Question

81/16^-5/4*25/9^-5/2

Answer 1

Answer: - We will get the value of the equation after solving it = (2/5)^5 OR 32/3125.

Detailed solution: -

Given: -

The given equation needs to be solved or evaluate it.

The given equation is: -

$(\frac{81}{16})^\frac{-5}{4} * (\frac{25}{9})^\frac{-5}{2}$

We need to solve it, we will solve it step wise.

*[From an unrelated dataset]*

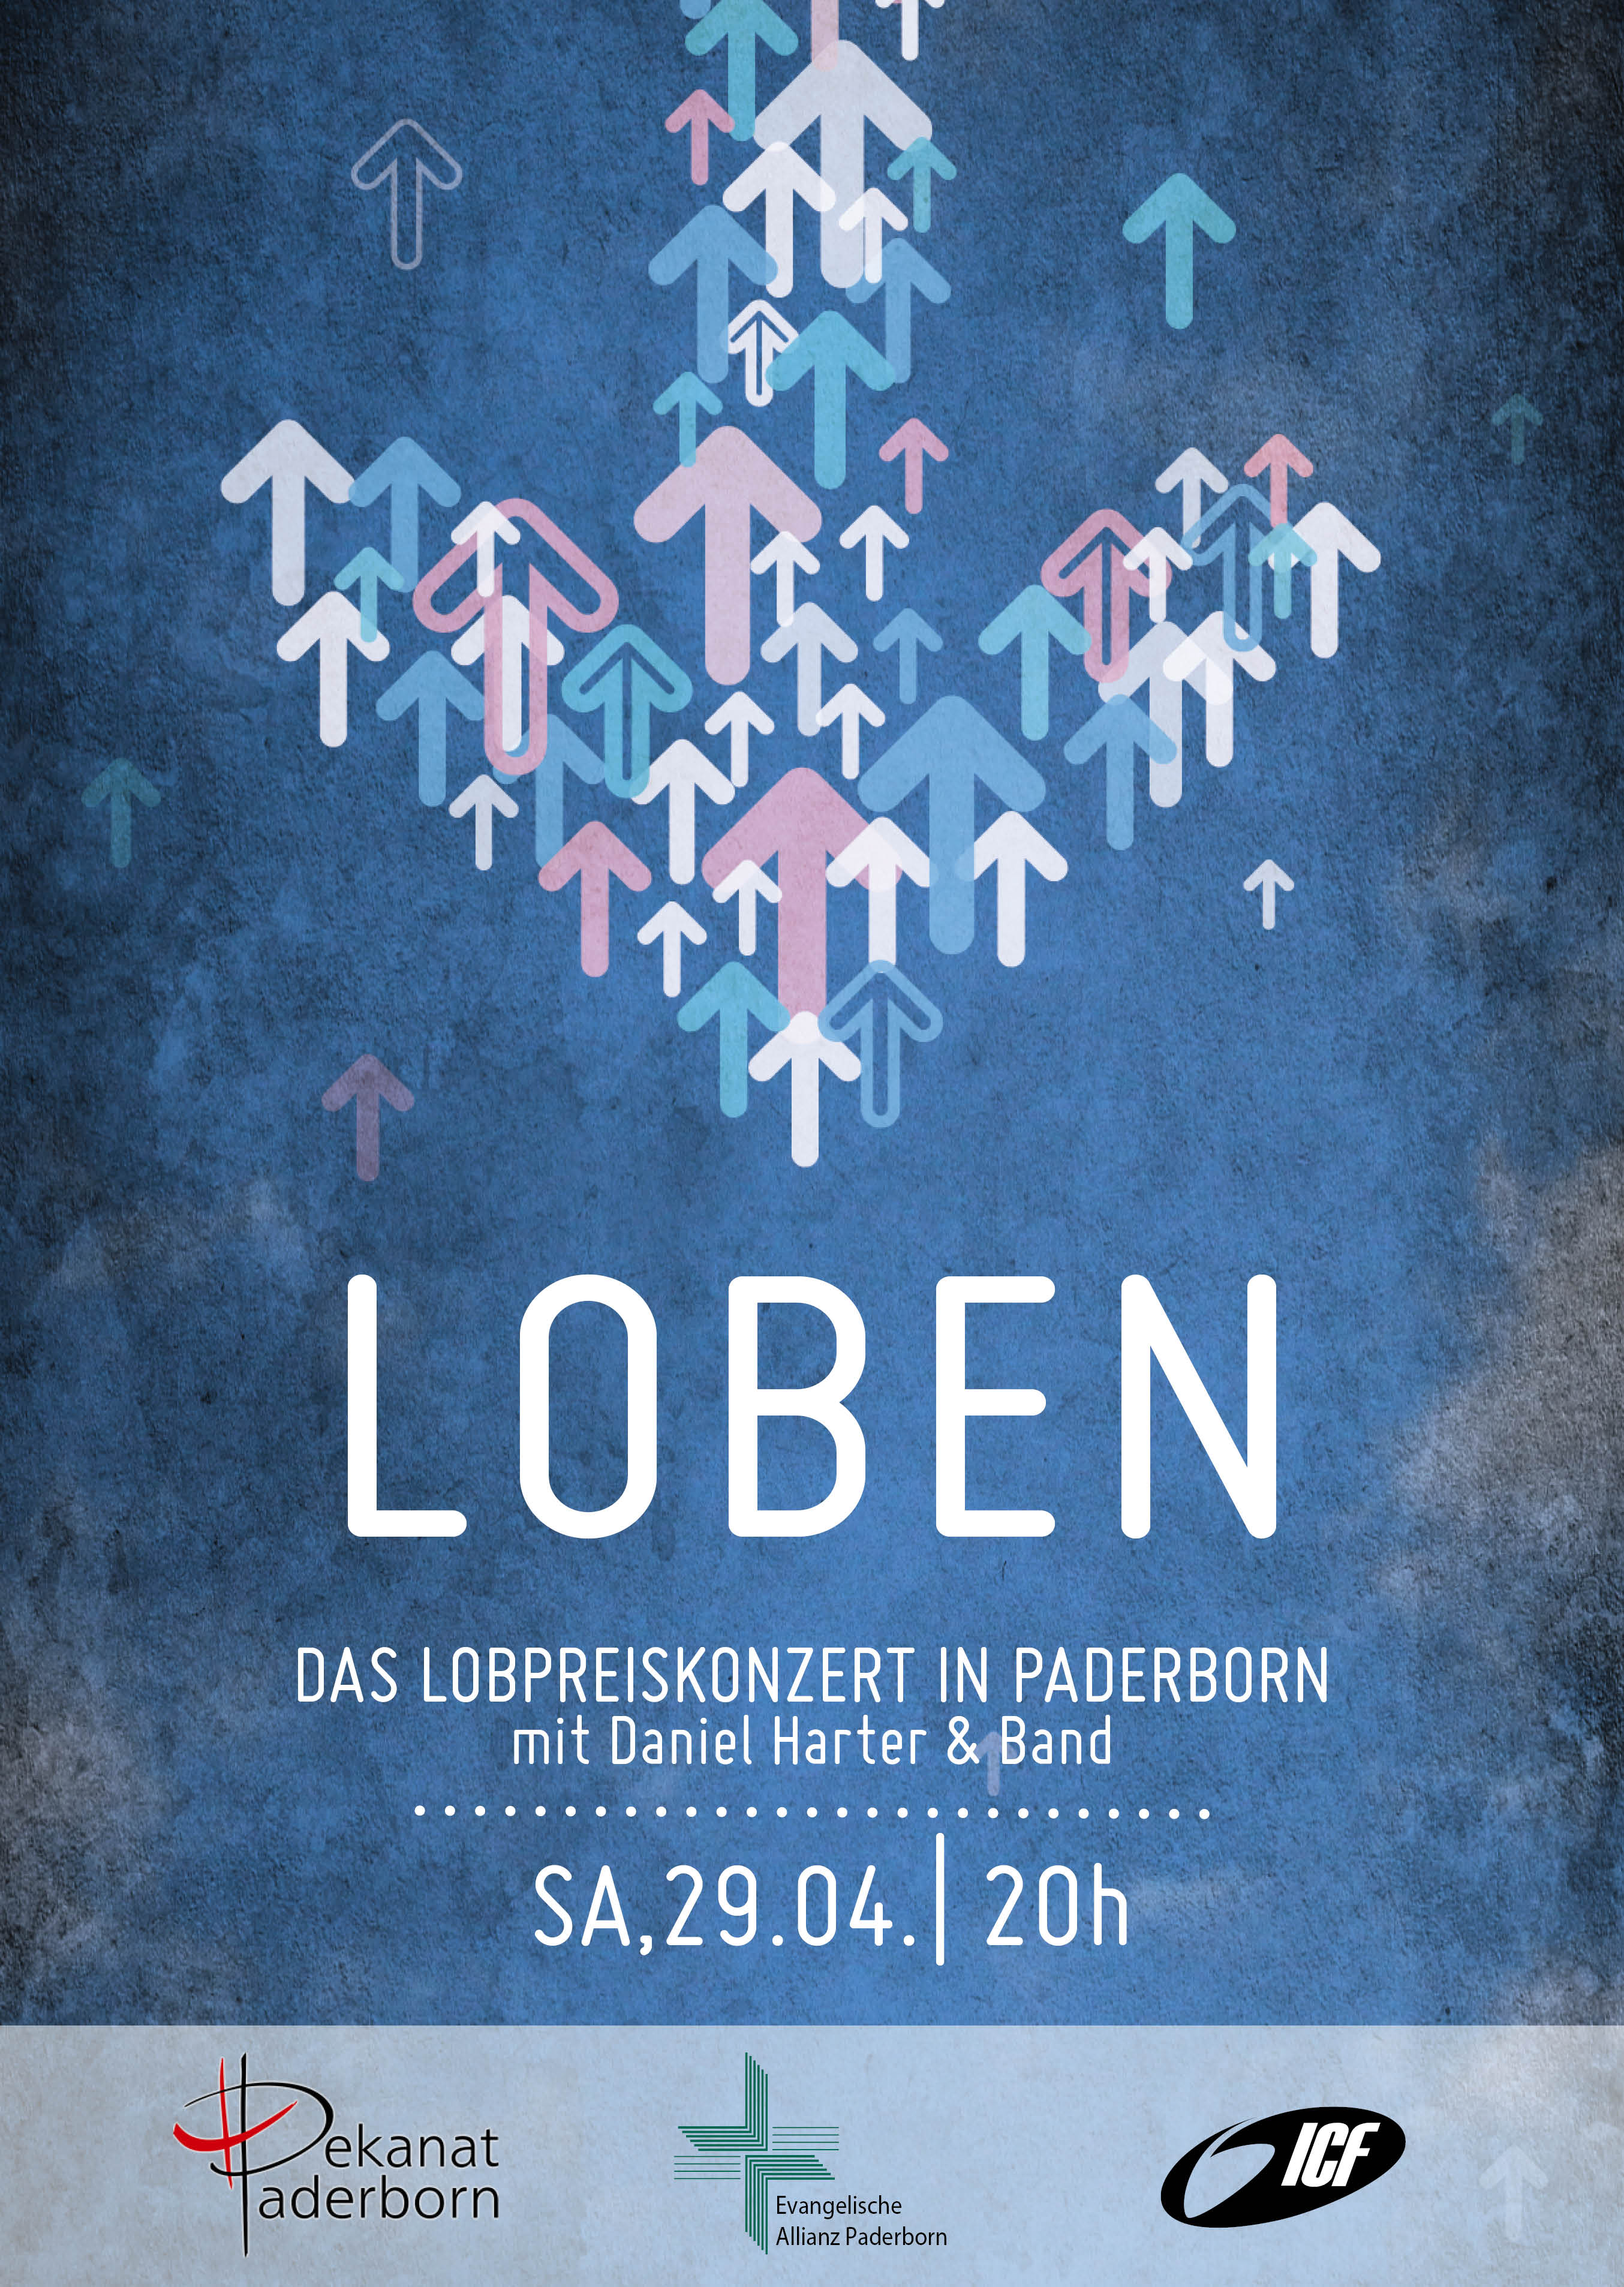 LOBEN - Das Lobpreiskonzert in Paderborn

First, we will take out the LCM of the numbers 81, 16, 25 and 9.

We will get,

The LCM of 81 = 3×3×3×3

The LCM of 16 = 2×2×2×2

The LCM of 25 = 5×5

The LCM of 9 = 3×3

Therefore,

Now we will write the LCM of every number and write then in the power and base form.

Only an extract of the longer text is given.